| ASSIGNED TASK |
Look below for the line that contains "昼間の青い曇り空の下、黄色い" and the line that contains "Golf: Young guns", then restate both of them and every line in between, exactly. No picture goes in the copy.

| DATA FOR THIS TASK |
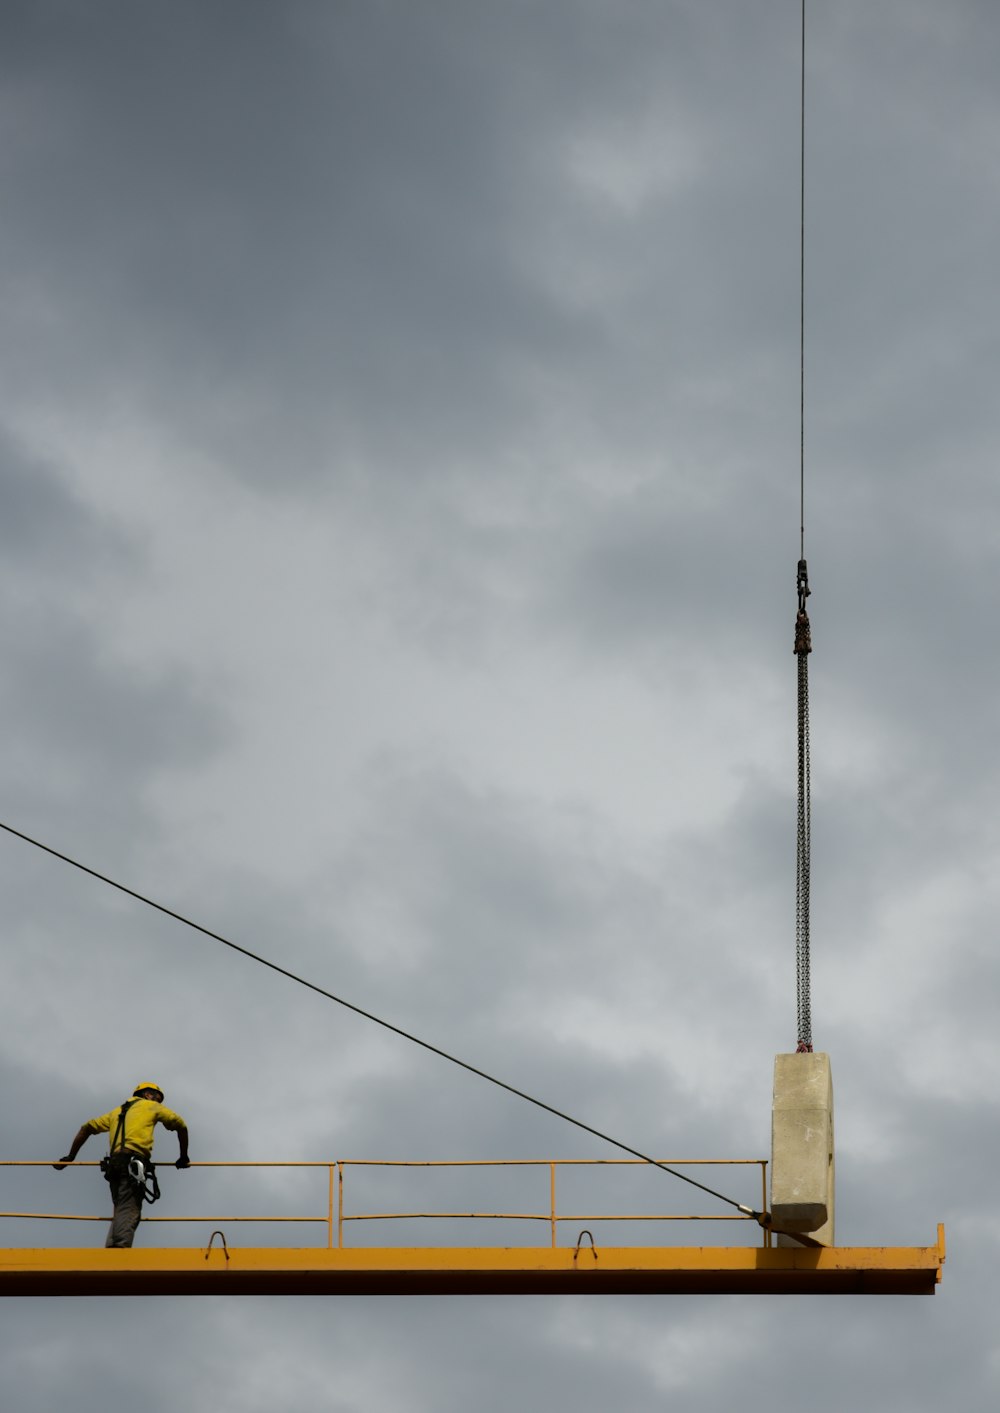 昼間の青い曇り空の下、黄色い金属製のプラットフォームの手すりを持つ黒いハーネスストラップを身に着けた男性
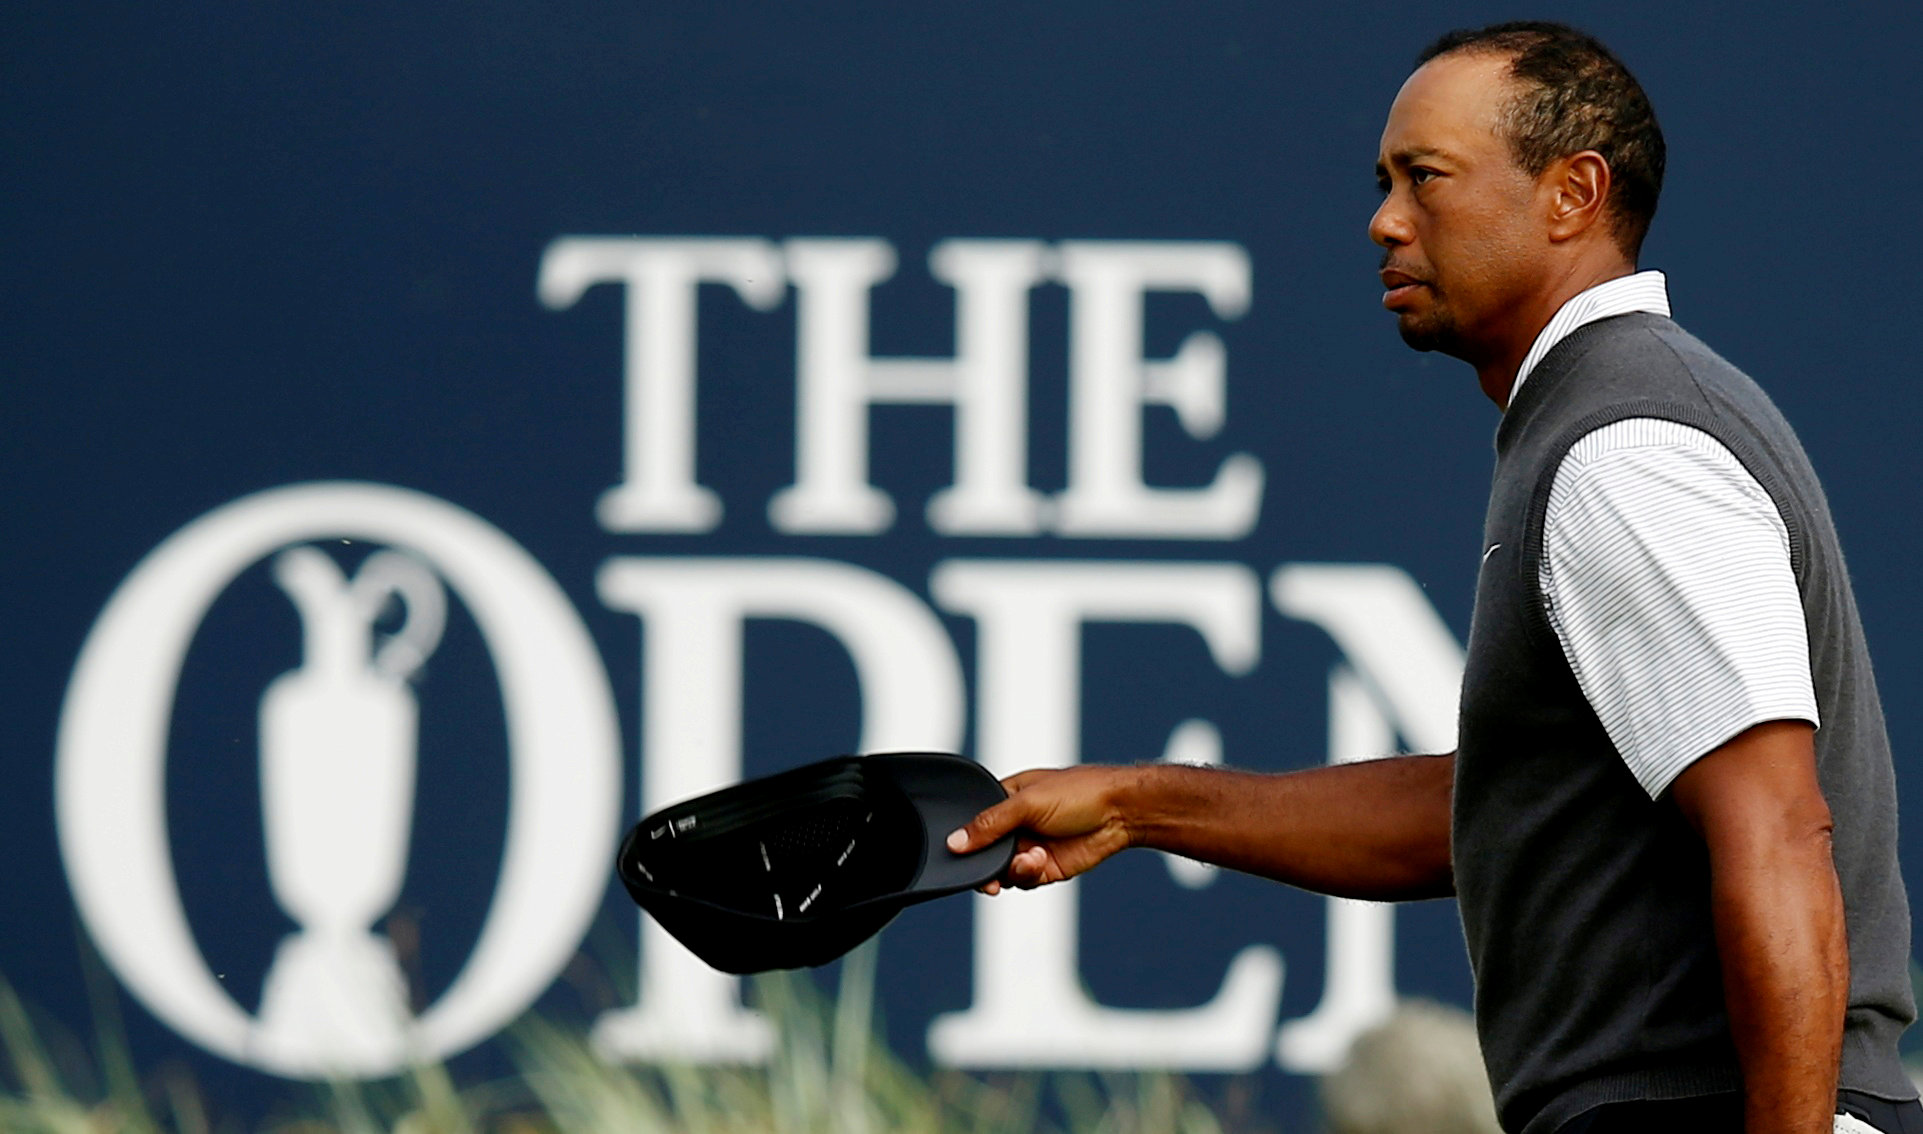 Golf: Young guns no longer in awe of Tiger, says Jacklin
* * *
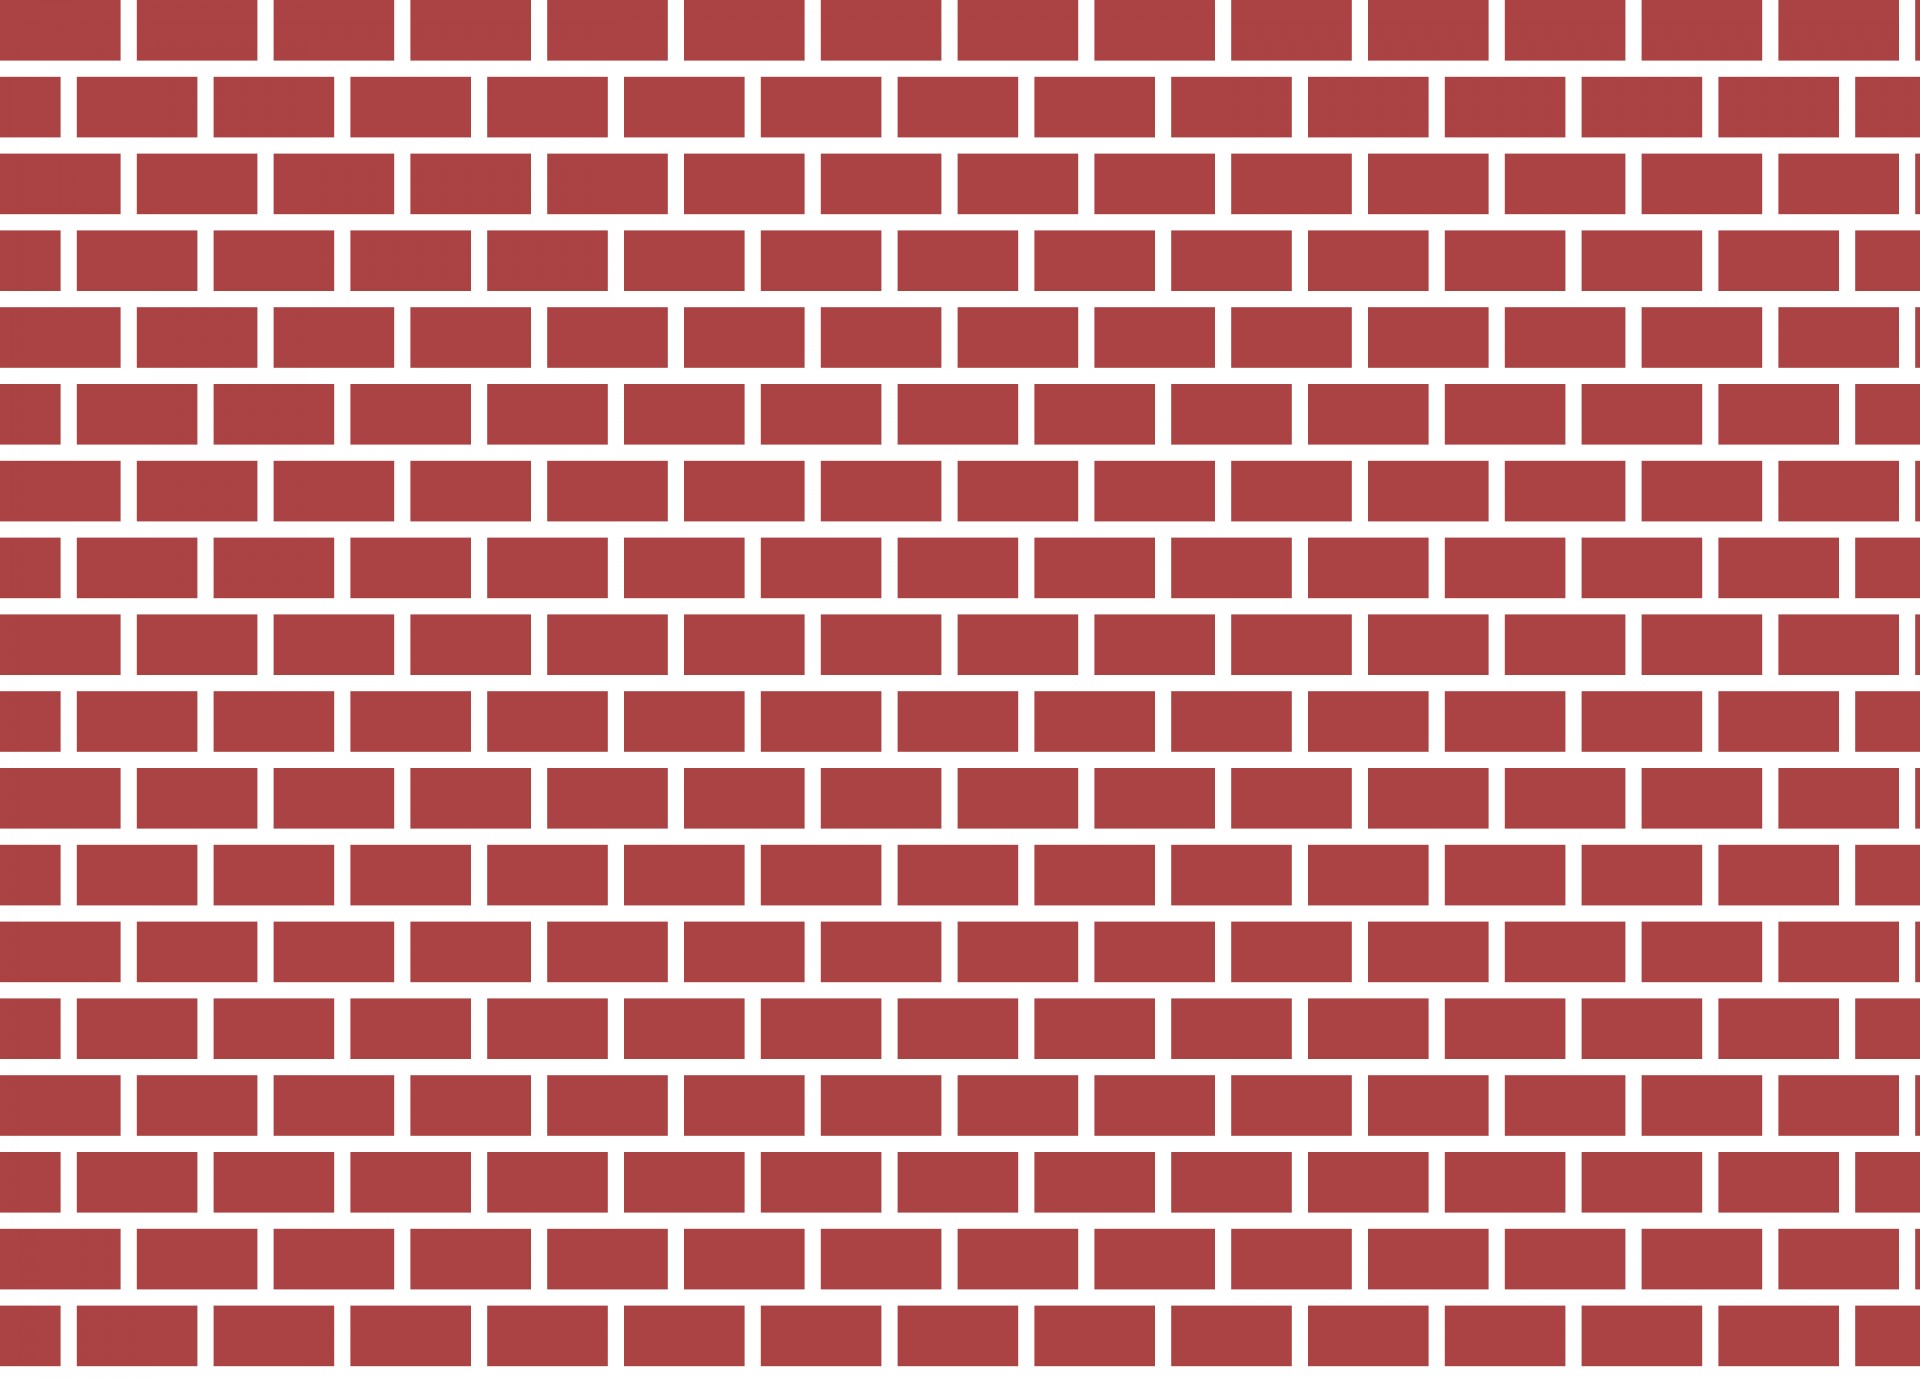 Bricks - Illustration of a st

| SOLUTION FOR THIS PROBLEM |
 昼間の青い曇り空の下、黄色い金属製のプラットフォームの手すりを持つ黒いハーネスストラップを身に着けた男性
 Golf: Young guns no longer in awe of Tiger, says Jacklin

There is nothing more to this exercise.